Top of RECORDS

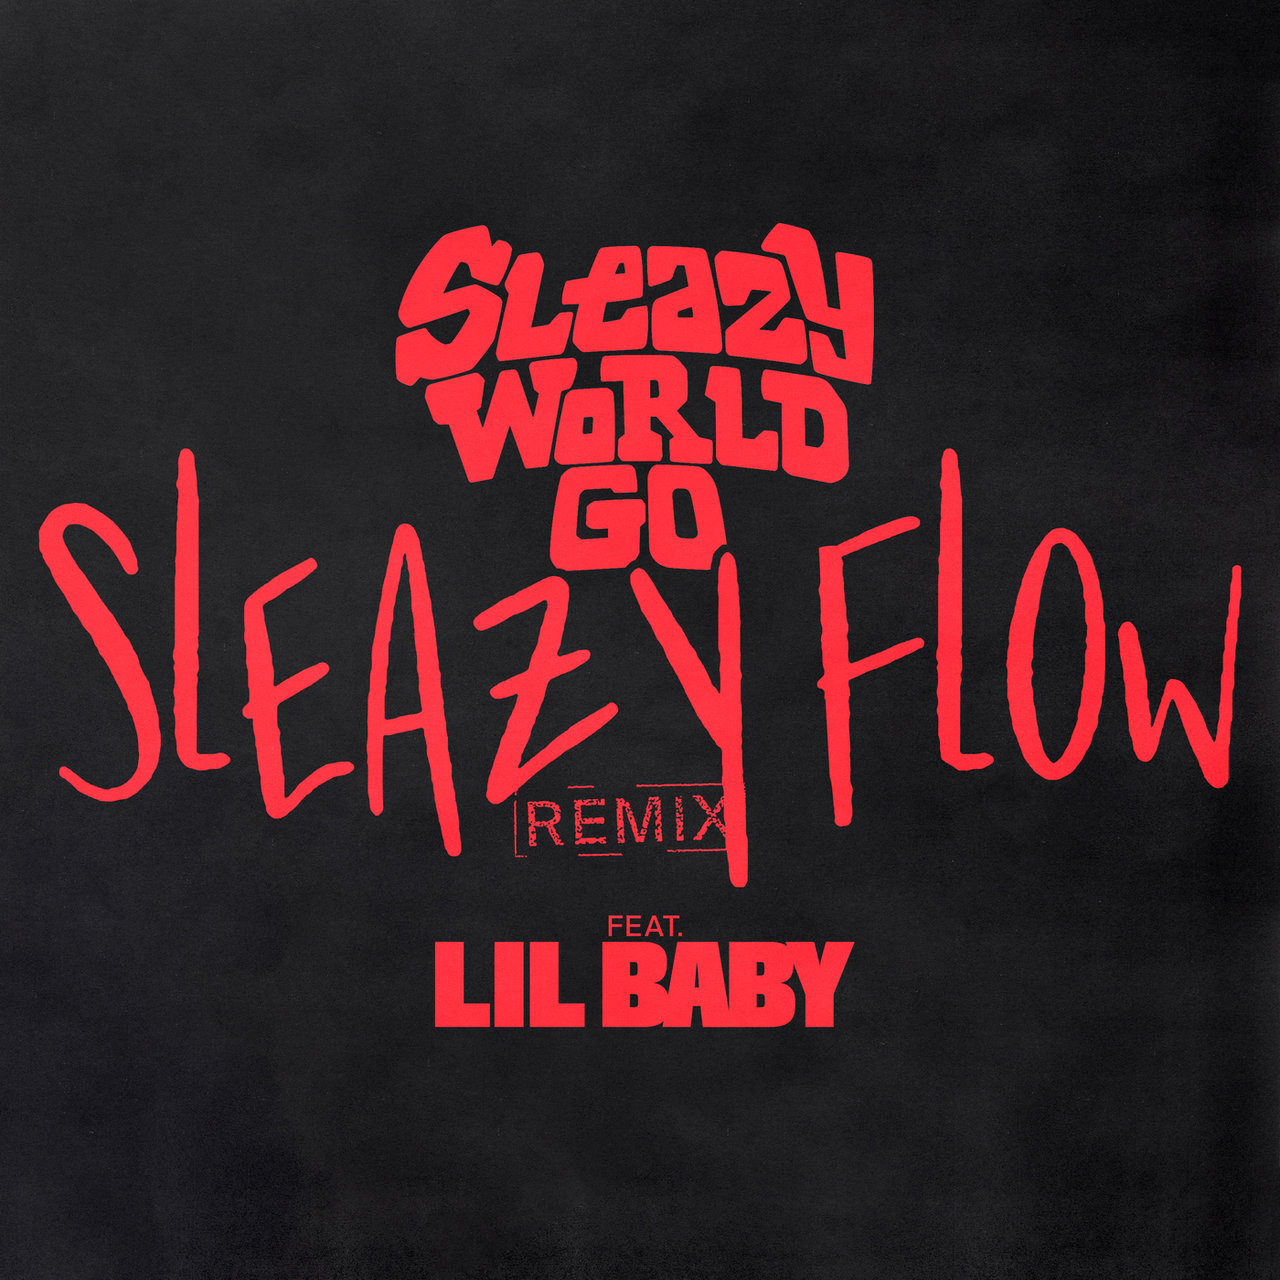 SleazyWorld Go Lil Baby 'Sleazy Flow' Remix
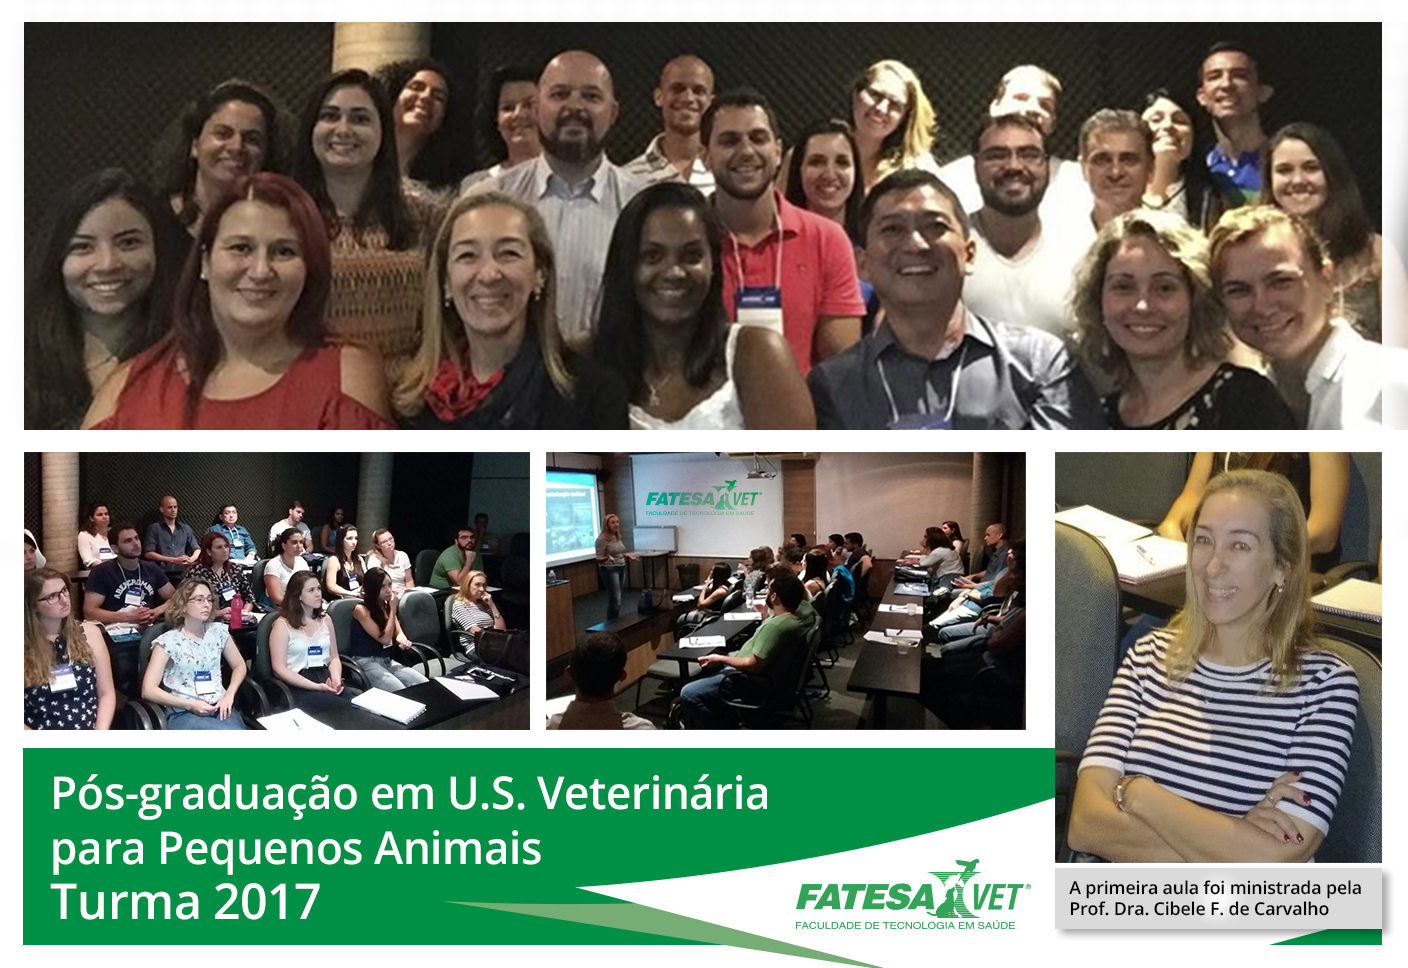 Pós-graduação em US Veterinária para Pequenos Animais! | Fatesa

Bottom of RECORDS
Top of RECORDS

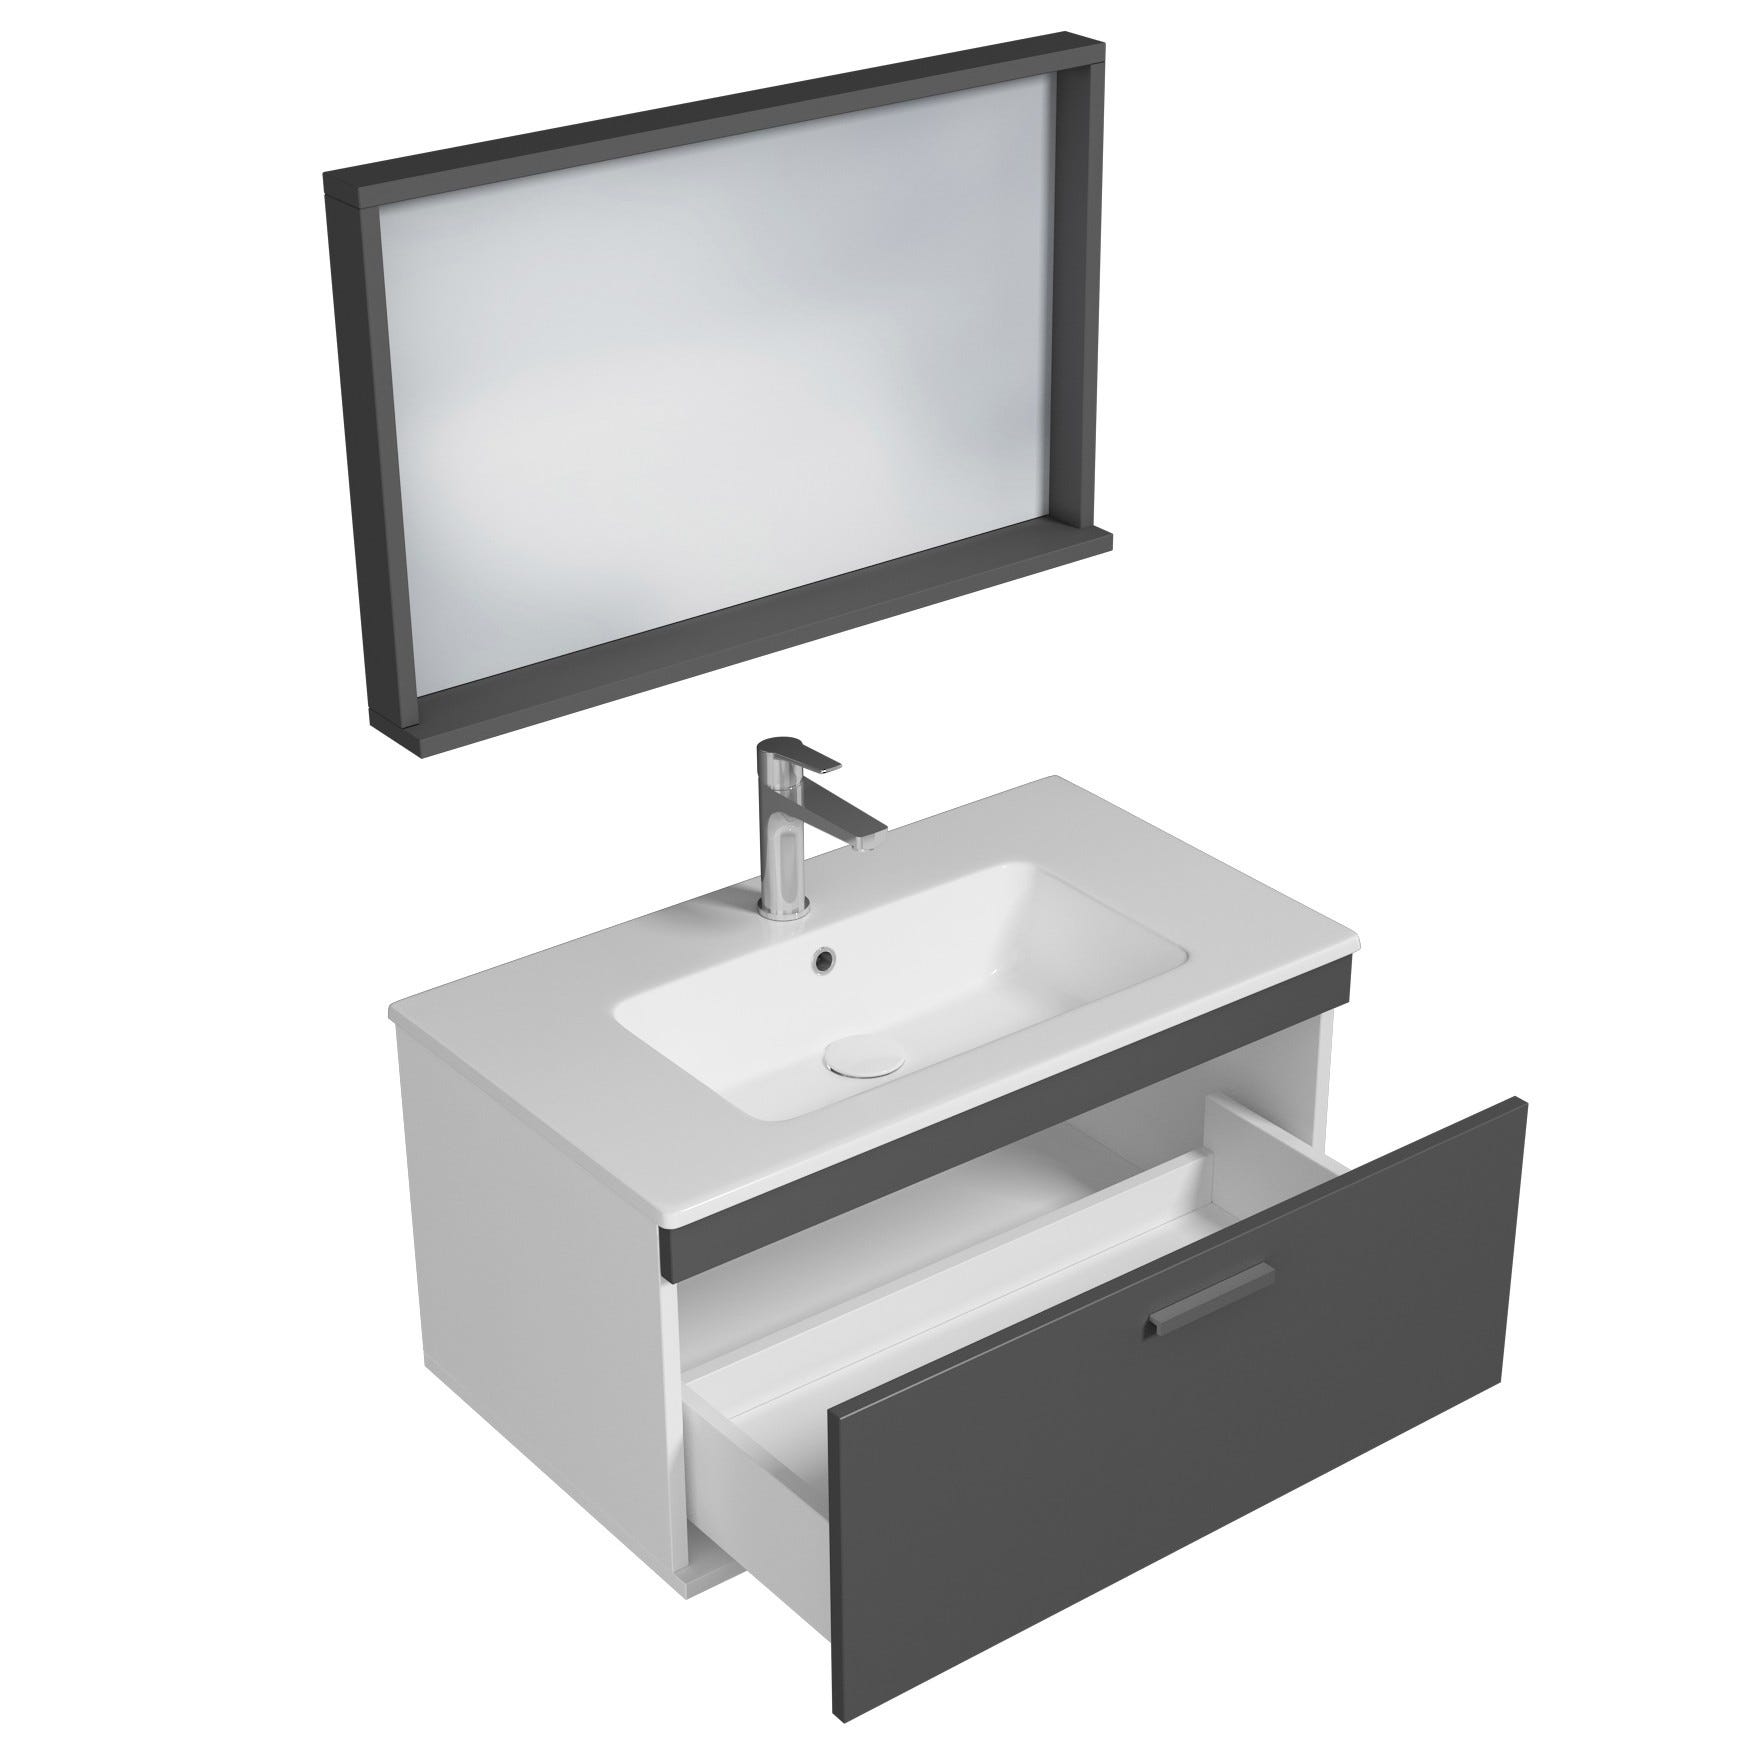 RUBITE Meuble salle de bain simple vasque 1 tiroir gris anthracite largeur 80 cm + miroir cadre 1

Bottom of RECORDS

* _WHAT YOU SHOULD DO_
Reproduce exactly the lines above starting at the line containing "SleazyWorld Go Lil Baby 'Sleazy Flow' Remix" and ending at the line containing "Pós-graduação em US", including both, but not the pictures.

* _RESPONSE AREA_
 SleazyWorld Go Lil Baby 'Sleazy Flow' Remix
 Pós-graduação em US Veterinária para Pequenos Animais! | Fatesa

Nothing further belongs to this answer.